EXERCISE MATERIALS:
——
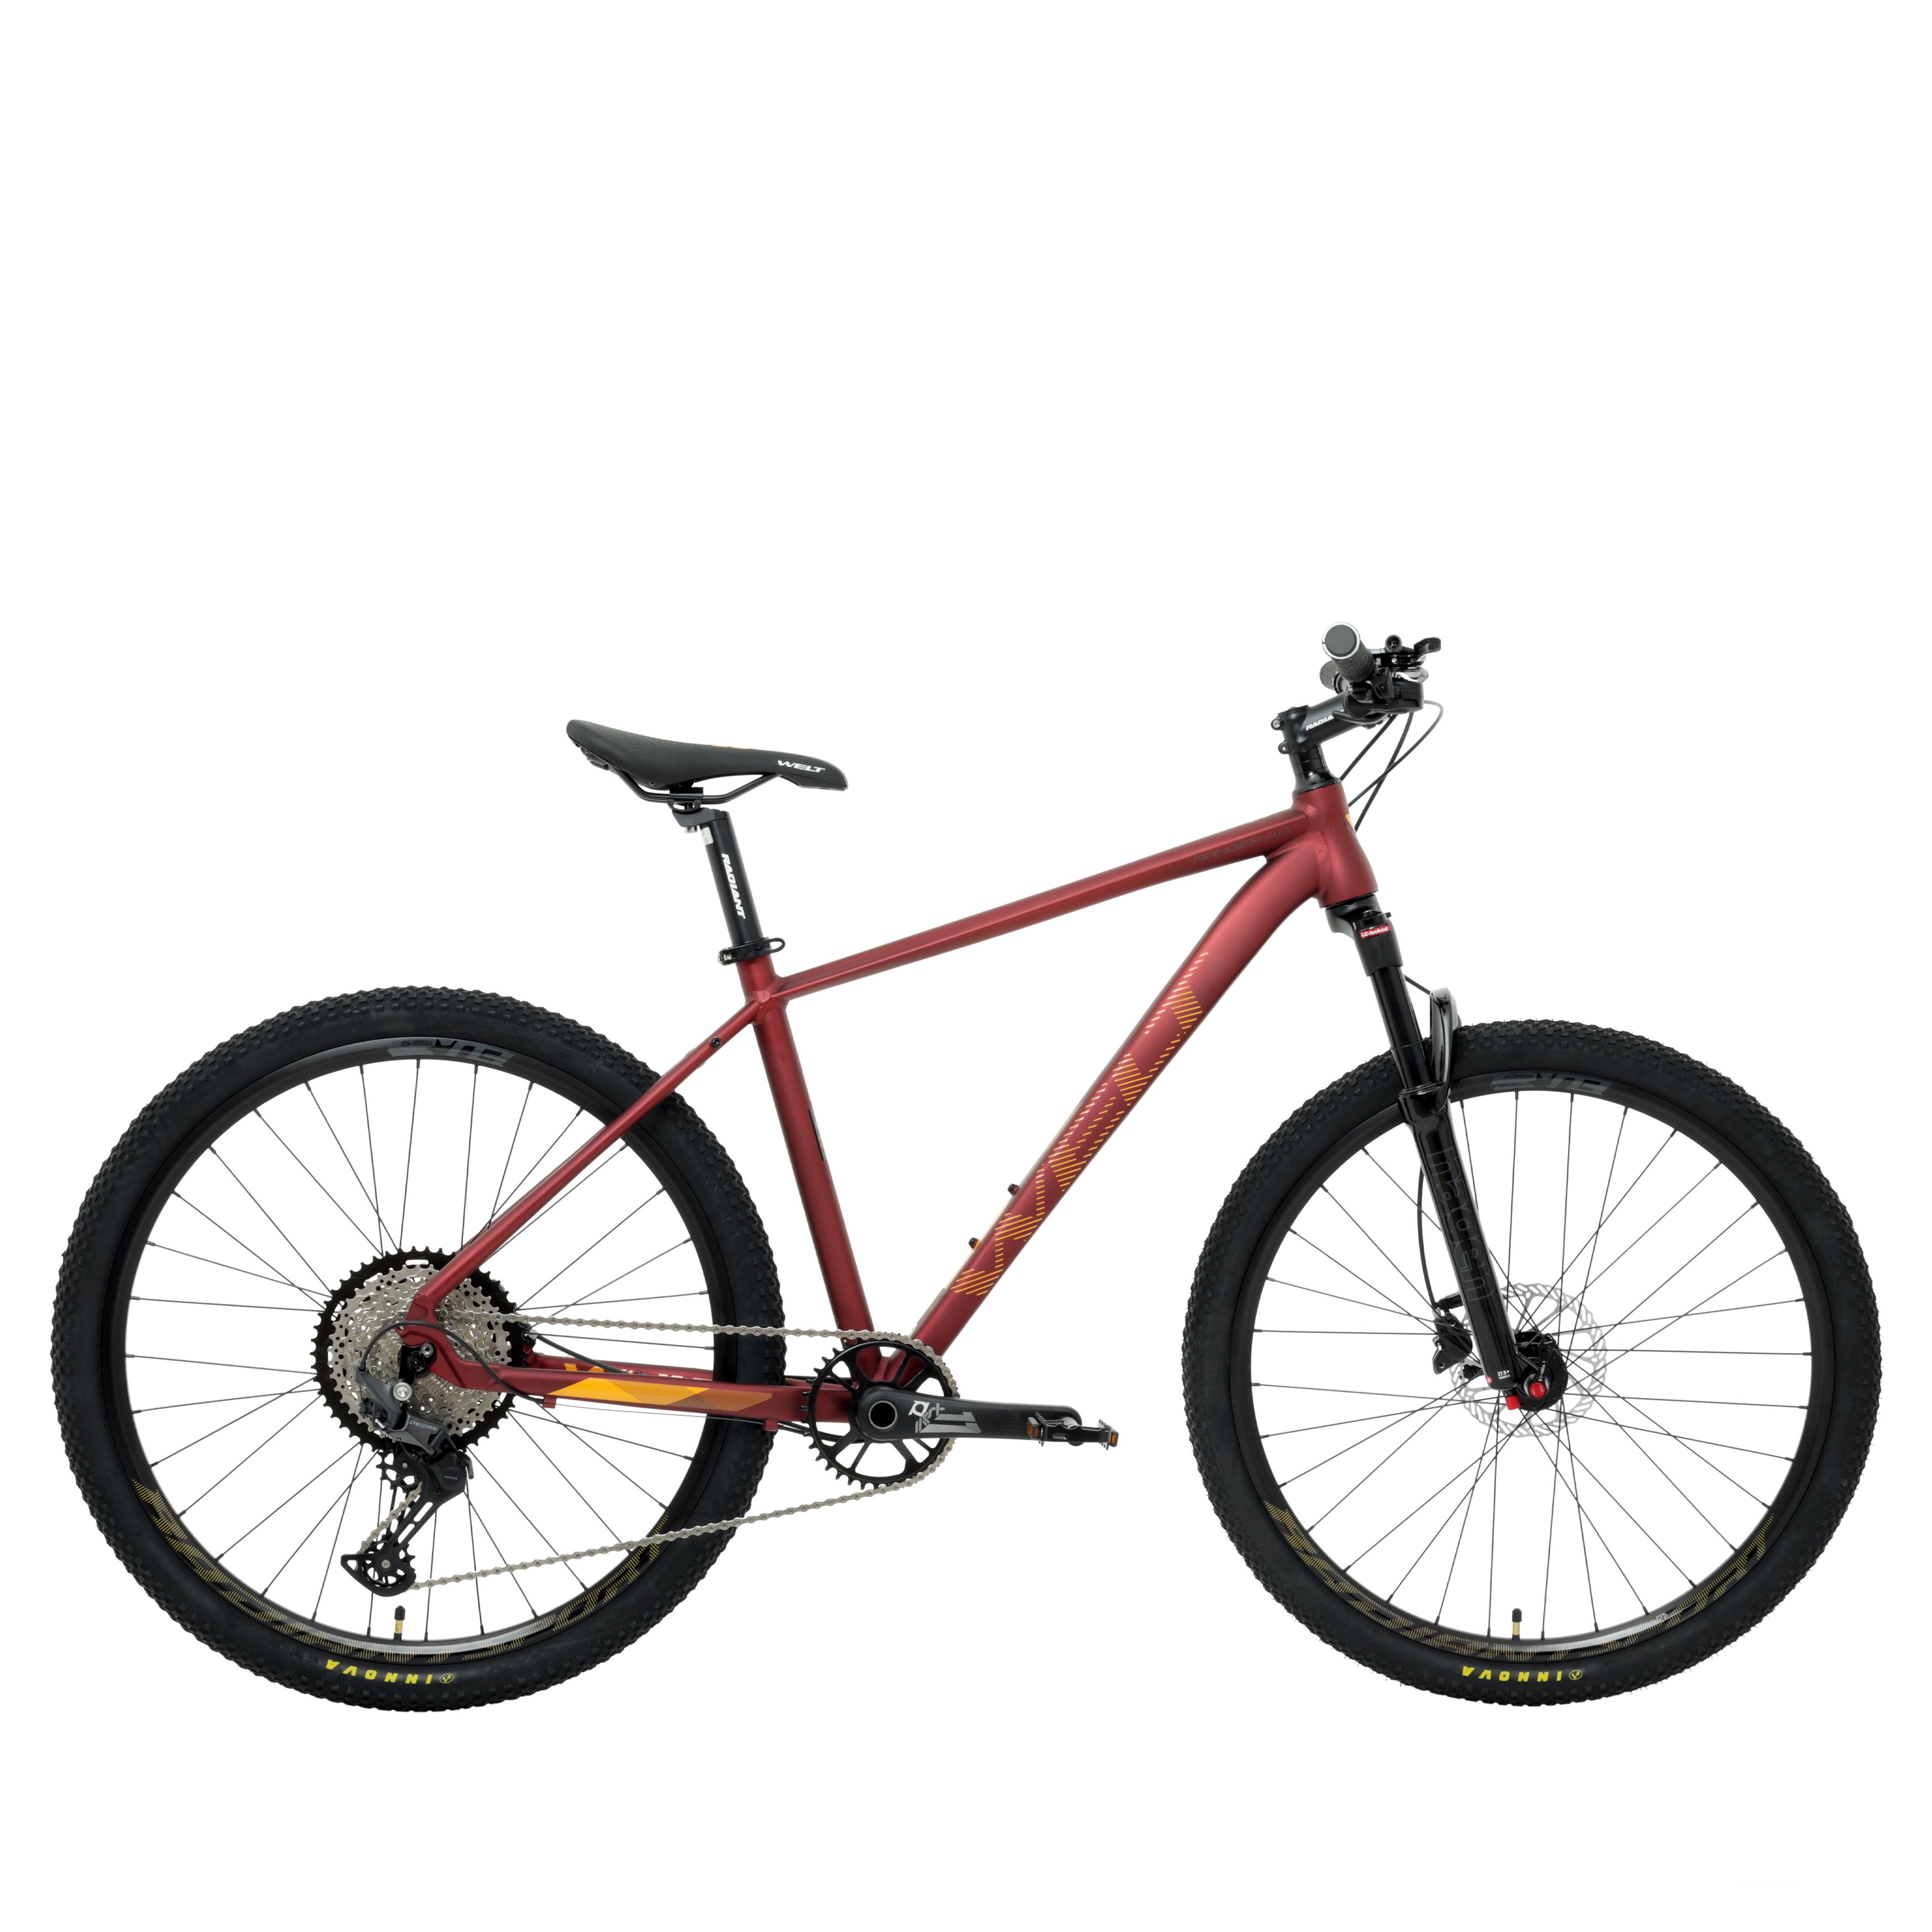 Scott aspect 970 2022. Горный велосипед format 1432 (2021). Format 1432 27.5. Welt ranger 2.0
——
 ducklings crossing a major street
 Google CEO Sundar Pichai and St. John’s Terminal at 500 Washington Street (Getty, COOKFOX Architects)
——
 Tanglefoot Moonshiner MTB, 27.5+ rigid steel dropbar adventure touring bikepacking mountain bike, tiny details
——
ACTION ITEM:
The lines to extract from the data above begin with the line containing "ducklings crossing a major street" and end with the line containing "Google CEO Sundar". Extract them exactly, including both.

EXERCISE OUTPUT:
 ducklings crossing a major street
 Google CEO Sundar Pichai and St. John’s Terminal at 500 Washington Street (Getty, COOKFOX Architects)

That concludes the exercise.